*EXERCISE REQUIREMENTS*. Lower down are entries containing pictures. Copy exactly, without those pictures, the lines from the line with "Author: Mariano Fortuny" through the line with "Philadelphia 76ers vs".

*MATERIAL SHOWN*.
::::::::
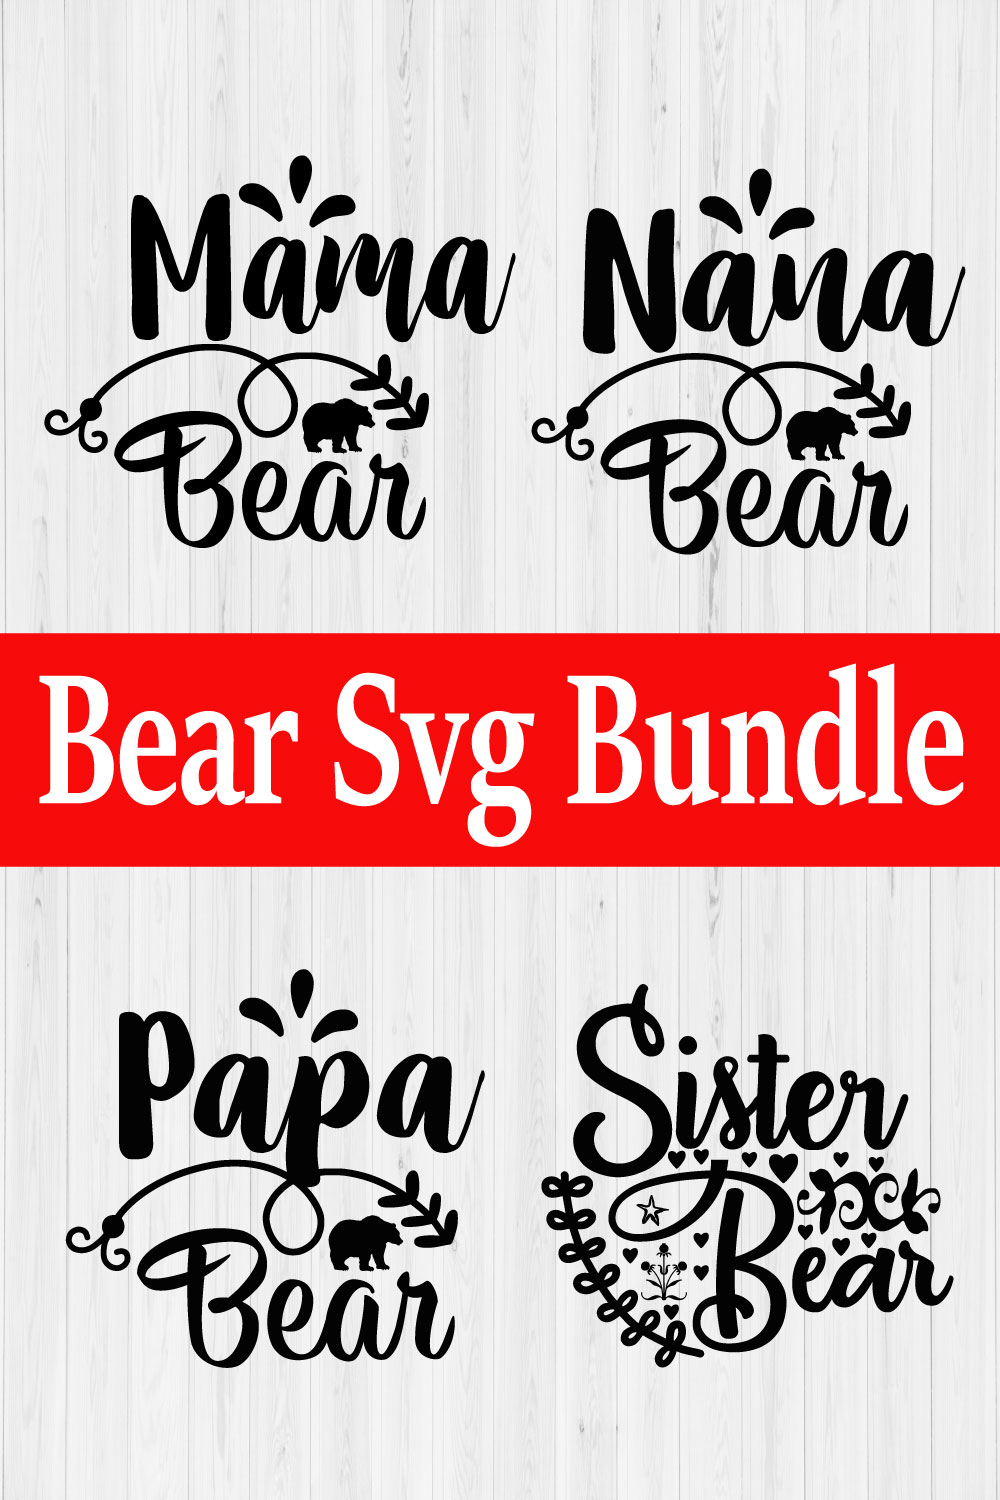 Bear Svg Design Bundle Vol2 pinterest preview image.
::::::::
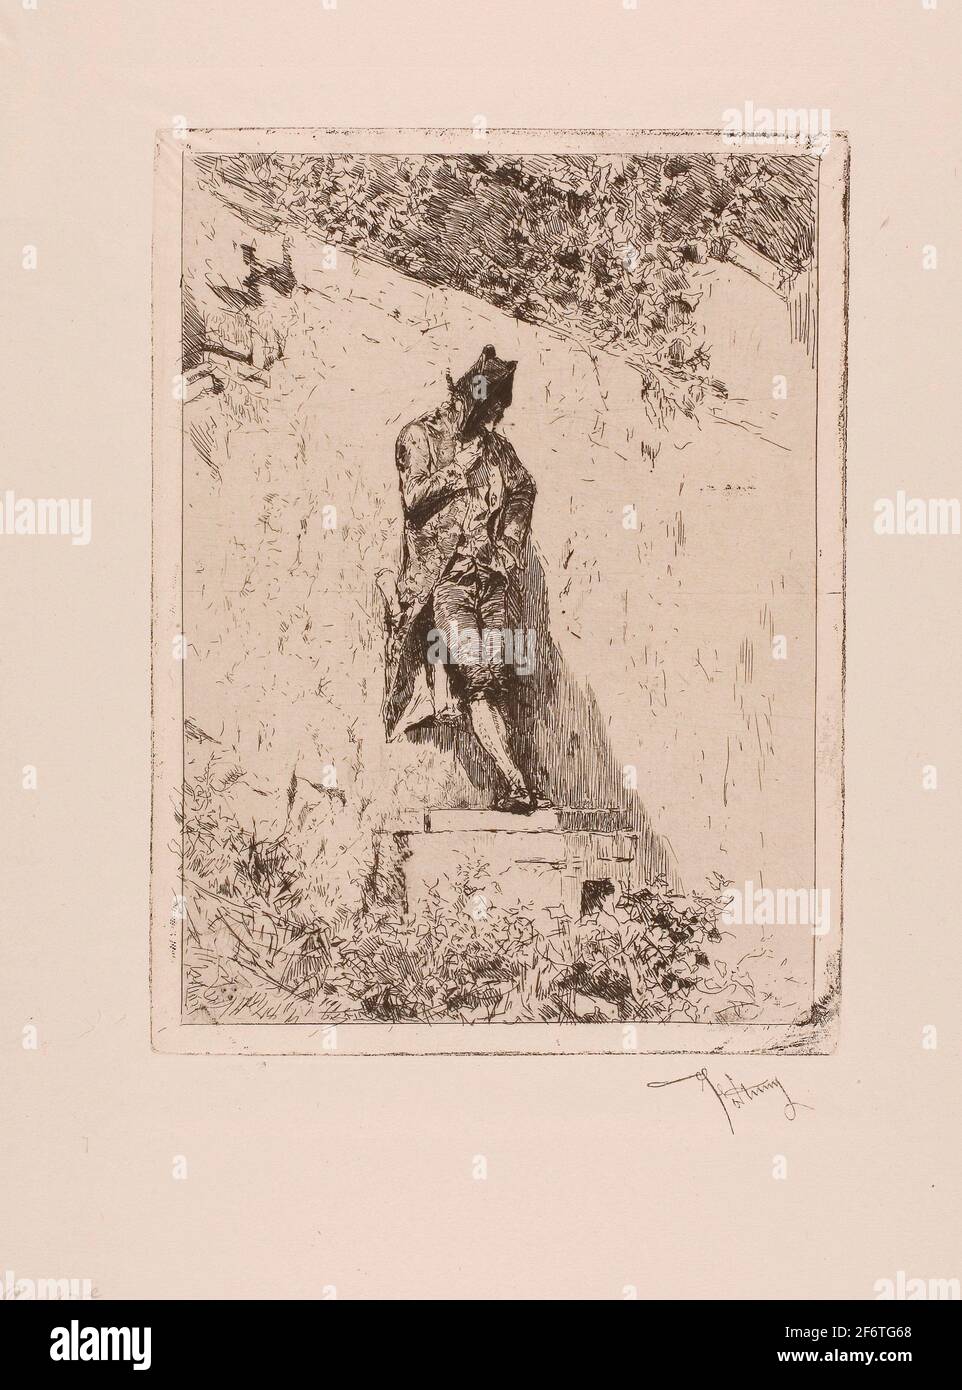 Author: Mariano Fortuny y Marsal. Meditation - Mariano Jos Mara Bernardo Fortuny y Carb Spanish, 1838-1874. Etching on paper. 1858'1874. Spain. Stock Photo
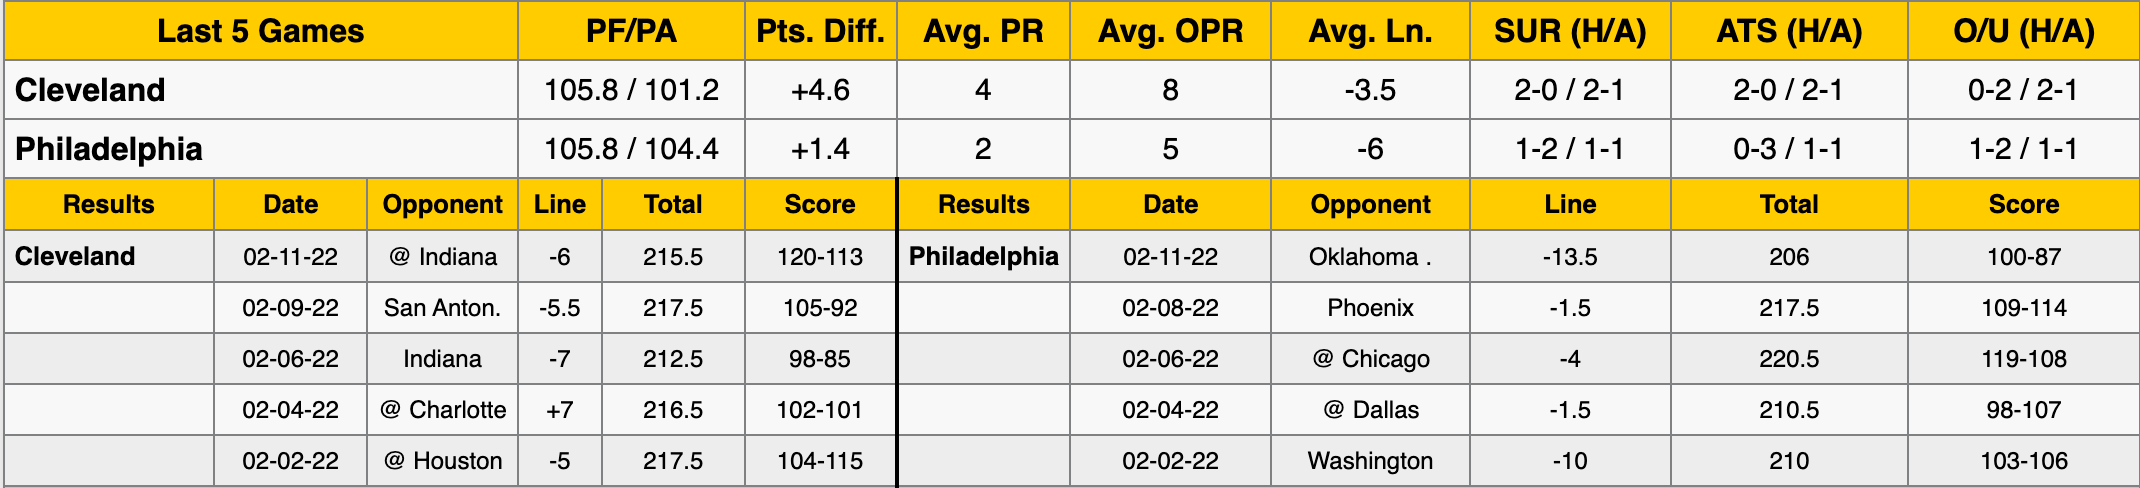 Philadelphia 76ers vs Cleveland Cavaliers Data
::::::::
*WRITTEN SOLUTION*.
 Author: Mariano Fortuny y Marsal. Meditation - Mariano Jos Mara Bernardo Fortuny y Carb Spanish, 1838-1874. Etching on paper. 1858'1874. Spain. Stock Photo
 Philadelphia 76ers vs Cleveland Cavaliers Data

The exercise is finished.